I was once walking the streets of Manhattan with no particular purpose and stopped to write my impressions on the city. I was suddenly struck with the feeling or idea that there is something inexplicable about life, about this universe in which we find ourselves. My reaction was that there is nothing inexplicable to the rationa mind only unexplained. Like an answer to my thought another idea popped into my head and invited me to address the unknown as someone who hears me and sees me. And I did gazing at the sky and humbly said: If there is a supreme being, reveal yourself to me. So days, months passed as if what I said in a moment of confusion went unnoticed because it could not be delivered like a piece of mail with no address. And I forgot about it until a year later in Montreal a friend who also does not believe took me to Saint Joseph’s Oratory built on the site of a small basilica where a religious man Brother Andre Bessette cared for the sick and the disabled.
On entering the Church I clearly heard an inner voice telling me not to laugh at what I do not understand and I came out a believer. This marks the beginning of my belief in God. I have plenty more to say about the reality of God, that death is not the end of life.
Adrienne, if your heart wants it, it can be comforted by the sacred heart of Jesus. Go ahead, take a leap in the dark. All growth is a leap in the dark, in the unknown,a sponteneous unpremedited act of faith.

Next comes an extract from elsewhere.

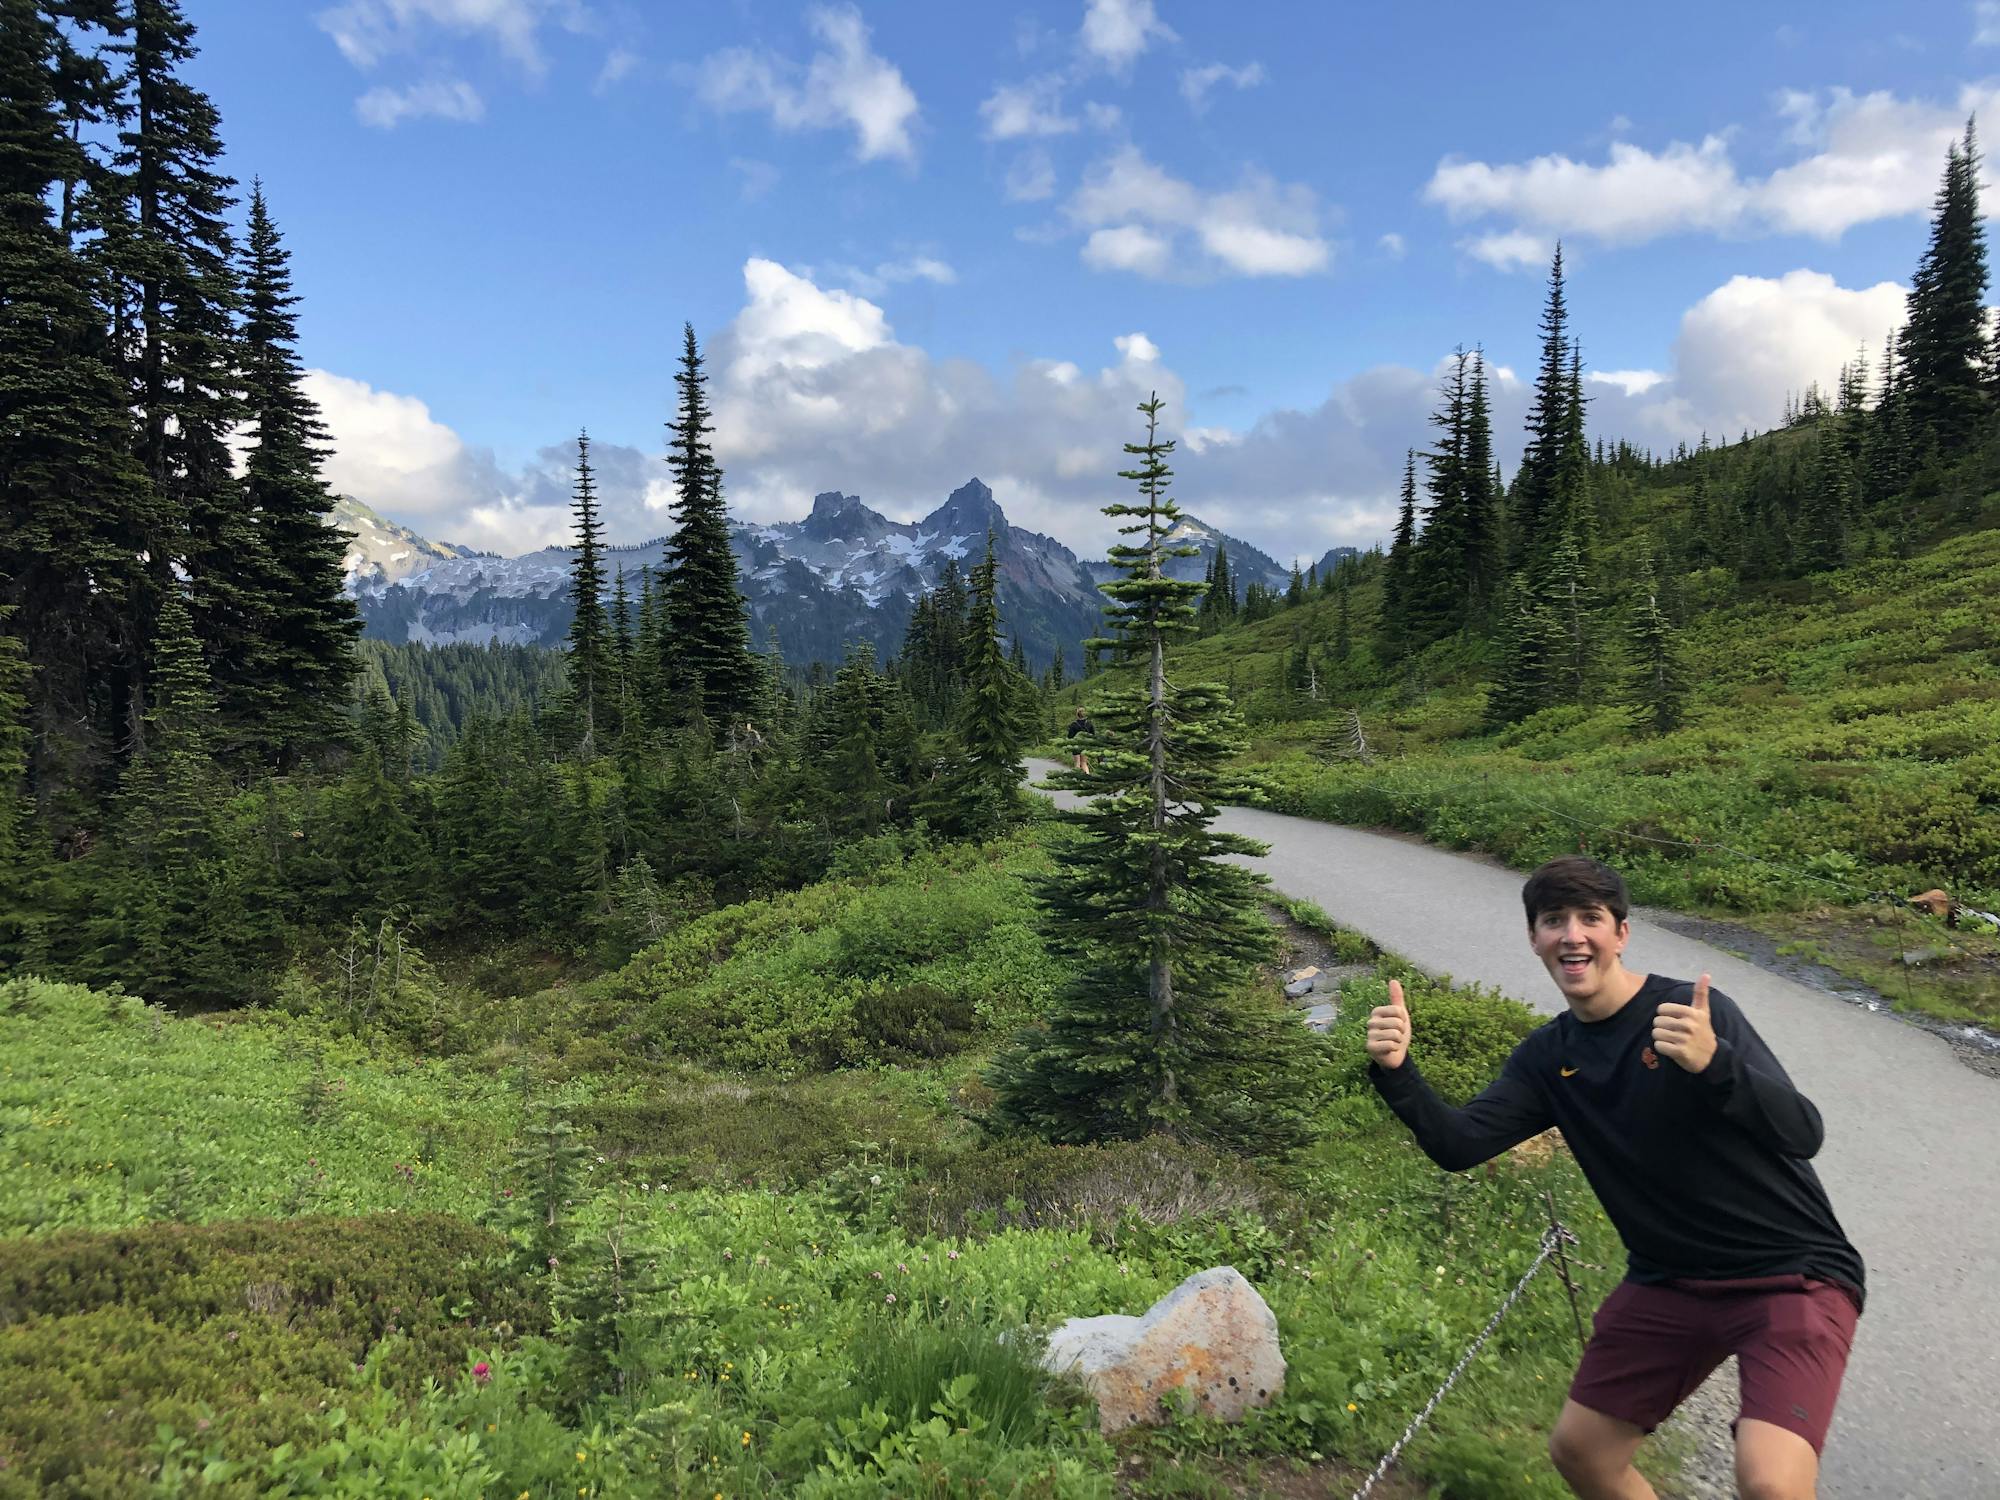 Young man poses out in nature with mountains in the background
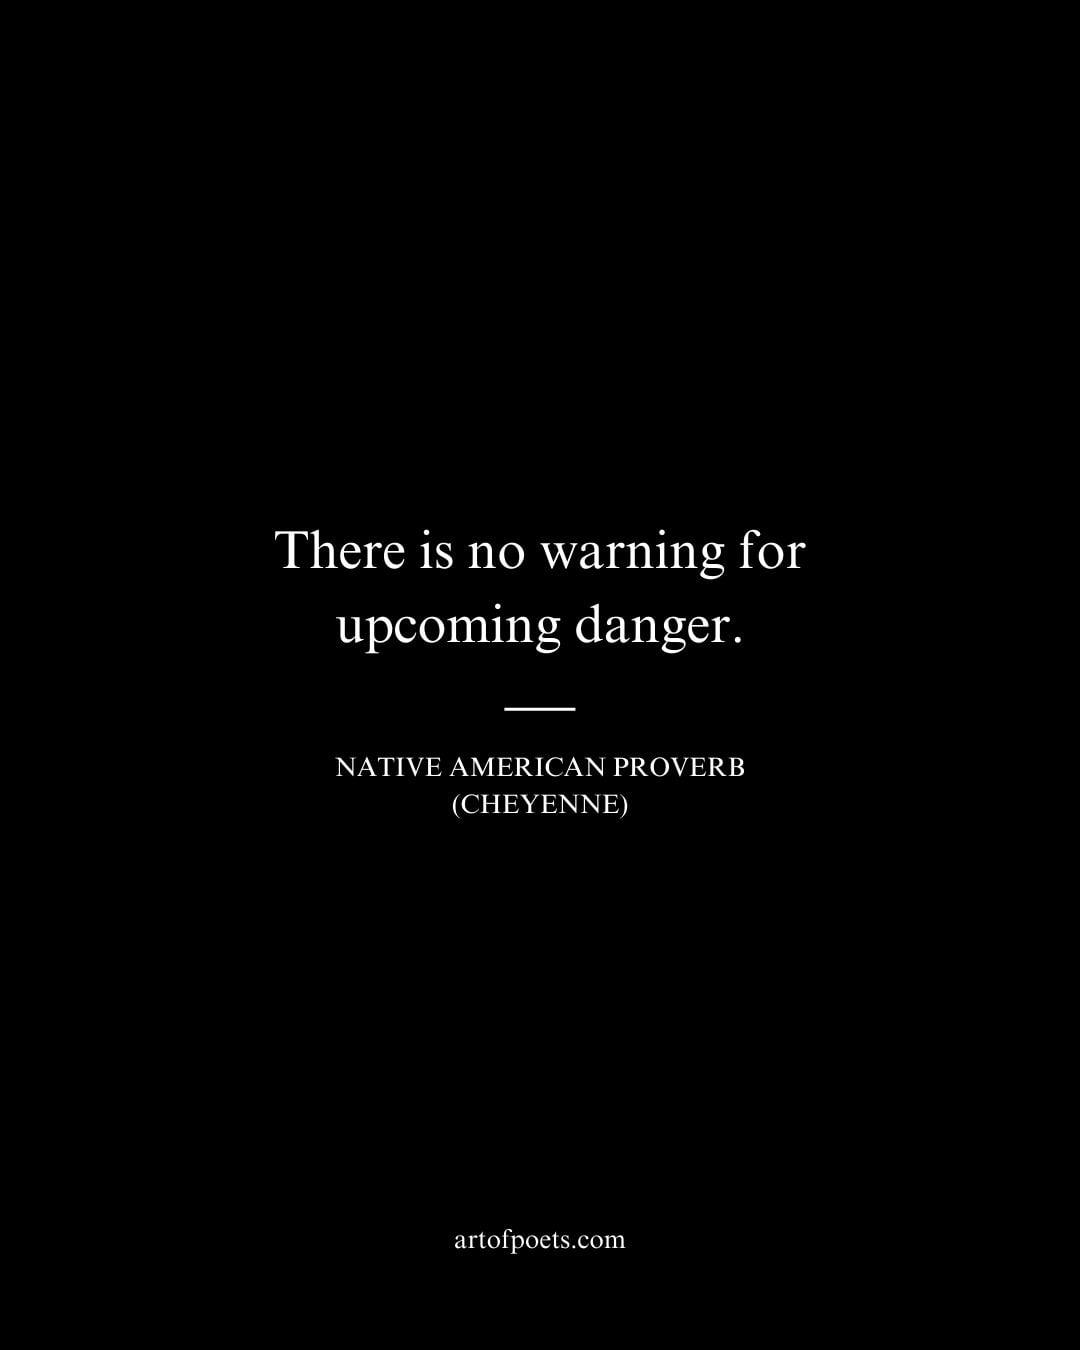 There is no warning for upcoming danger

RE: “Christianity may have started as a humanist movement, but like all other human idealogies,(sic) has grown stale.”

Christianity spawned humanism, not the other way around.  Humanism emerges, oh, 1400 years after Christianity, sponsored by Popes, of course.  Also, did you know how many scientists were, and are, priests?  Did you know that a Jesuit came up with the Bog Bang Theory?  We do not believe the world is illusory at all—that’s Buddhism.  Instead, we take an incarnational view of the world, and it is precisely this incarnational view that helped support humanism as it emerged.

“Because what they had wanted more than anything—a decrease in earthly suffering—had not come to pass.”

Jennifer, this is so well-put.  And it’s still true today, as you point out.  The idea that Christ did not eliminate suffering but redeemed it is rock-bottom true, but so hard to both convey and to accept.

@ Adrienne: I know a long time has passed since you posted here so there may be no point in bringing it up again but I’m willing to take the risk…. There is no rational reply, and as long as we look for something rational, we’ll never find any satisfactory answers. The entire story of salvation shows a God who doesn’t work according to human thinking, but if we are able to step away from our desire to rationally “know” for a moment, and open our hearts to an irrational “knowing”, in the sense that you know your best friend, i.e. a relationship, then God comes in and helps us to see, clearly. I KNOW that this doesn’t make any logical sense, and there is a part of me that feels silly writing this… but this comes from someone who was where you are, so I really do understand what you are saying. One day I took up the challenge that has been put in front of you in many responses to your comments here too: BE OPEN. Not because because any human gave me the rational argument that finally explained it all and proved it to be the best option among the thousands at our fingertips, but because at some point in my life I realised that all of the attempts at rational explanations were hopelessly lacking, but at the same time, I was miserable without “knowing” SOMETHING. There were 2 choices: stop living, or take one last shot - the one that I had always rejected, i.e. open my heart to the unexplainable, the mystery. And I can testify that the new horizons are beyond what any rational being could ever quantify or prove. When you experience it, you realise that there IS proof… just not the kind that we think we want before we know what it is :)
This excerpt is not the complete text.